The Coast Guard helicopter as well as the Reach medical helicopter were called in to attempt another rescue. The Reach helicopter got to the Big Flat LZ first but by the time they got there the fog had rolled back in and they were unable to land. The Coast Guard arrived shortly after and made several attempts but were also unable to land due to the fog.

At this time the only option was to pack the victim several miles north to where Shelter Cove Fire could meet the rescuers with their specialized all-terrain vehicle (atv) equipped with advanced life support personnel.

At 6am rescue crews reached Big Creek and transferred the victim to the advanced medical personnel on the atv. They then transported to the medical helicopter where the victim was flown to an out of area trauma center.
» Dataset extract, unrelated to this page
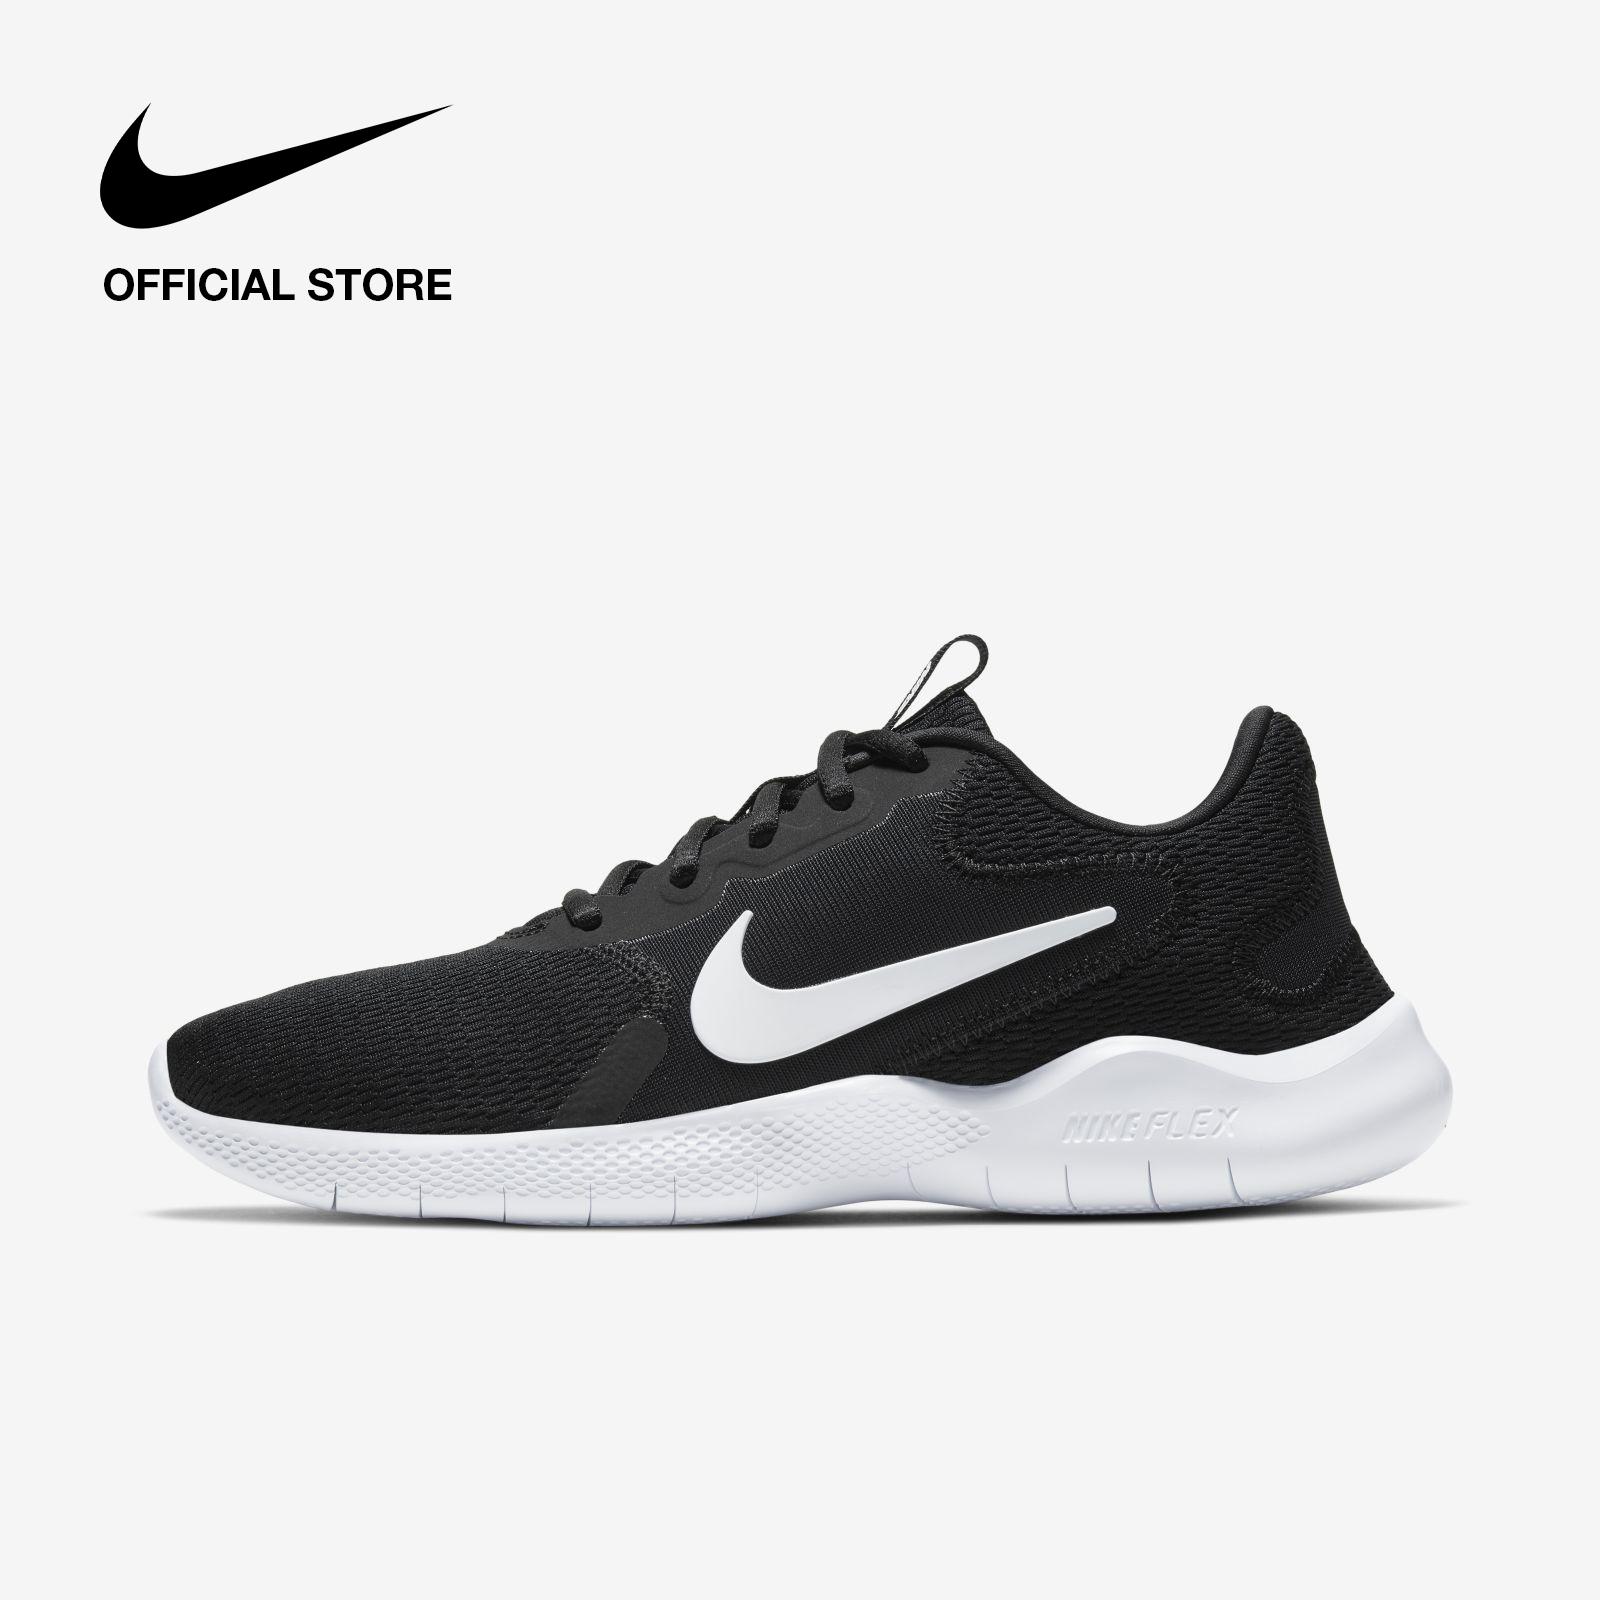 Buy Nike Women's Sports Shoes Online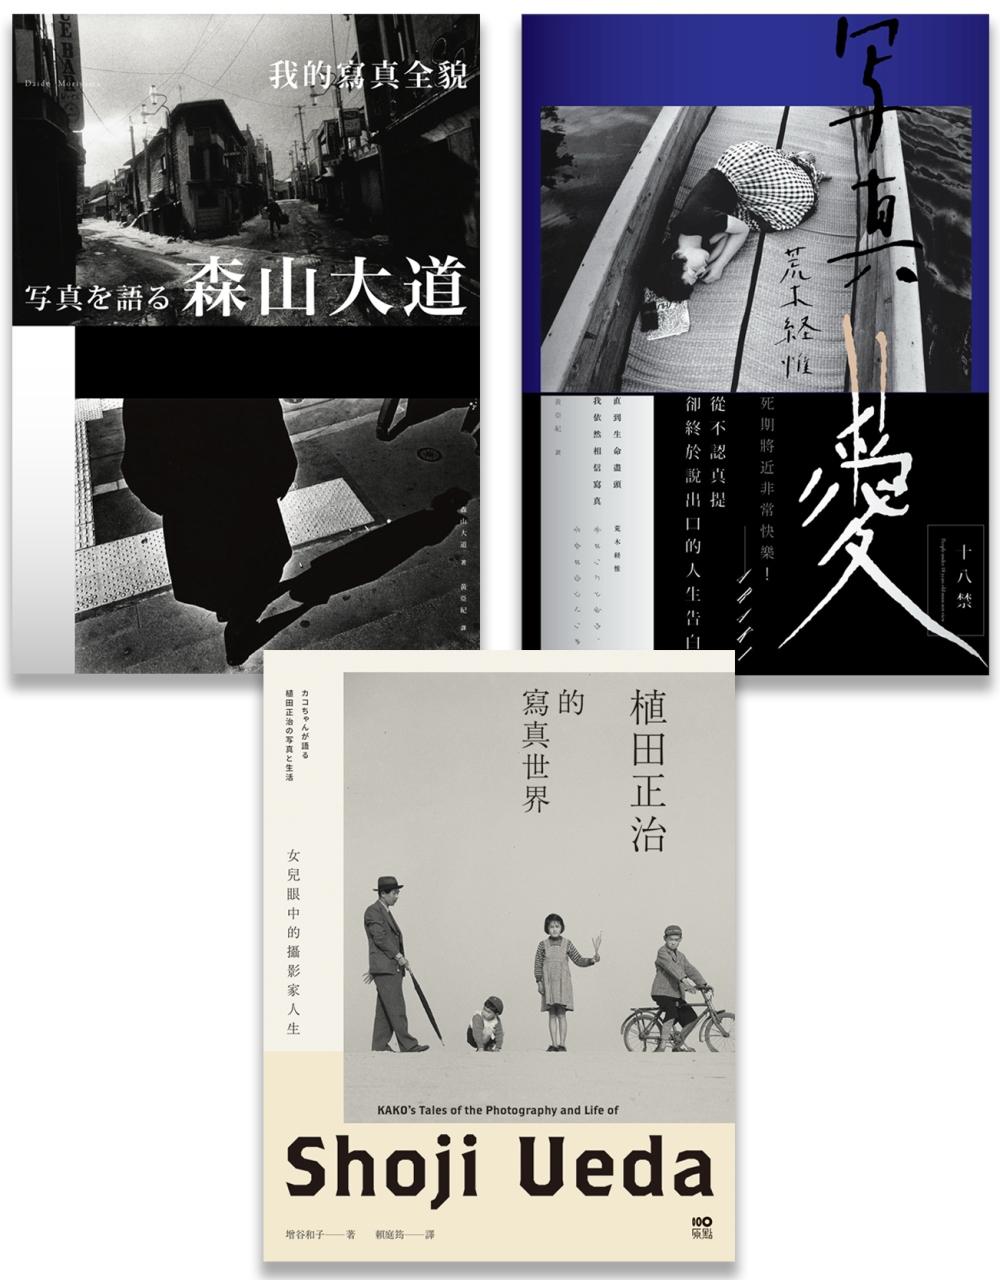 日本攝影大師經典系列套書(三冊):《荒木經惟.寫真=愛(18禁)》、《森山大道,我的寫真全貌》、《植田正治的寫真世界》(限台灣)

This rescue was one of the most complex rescues to date for all the crews involved. The rescue took several agencies and many personnel and could not have been successful without the dedication and team work of all involved. The agencies involved included, Cal Fire ECC, US Coast Guard, Reach Air Medical Services, City Ambulance, and volunteer firefighters from, Shelter Cove Fire dept., Southern Humboldt Technical Rescue Team, Telegraph Ridge Fire dept., Honeydew Fire dept. and Petrolia Fire dept. We would also like to acknowledge the civilian hikers who’s quick thinking and heroic actions helped save a life.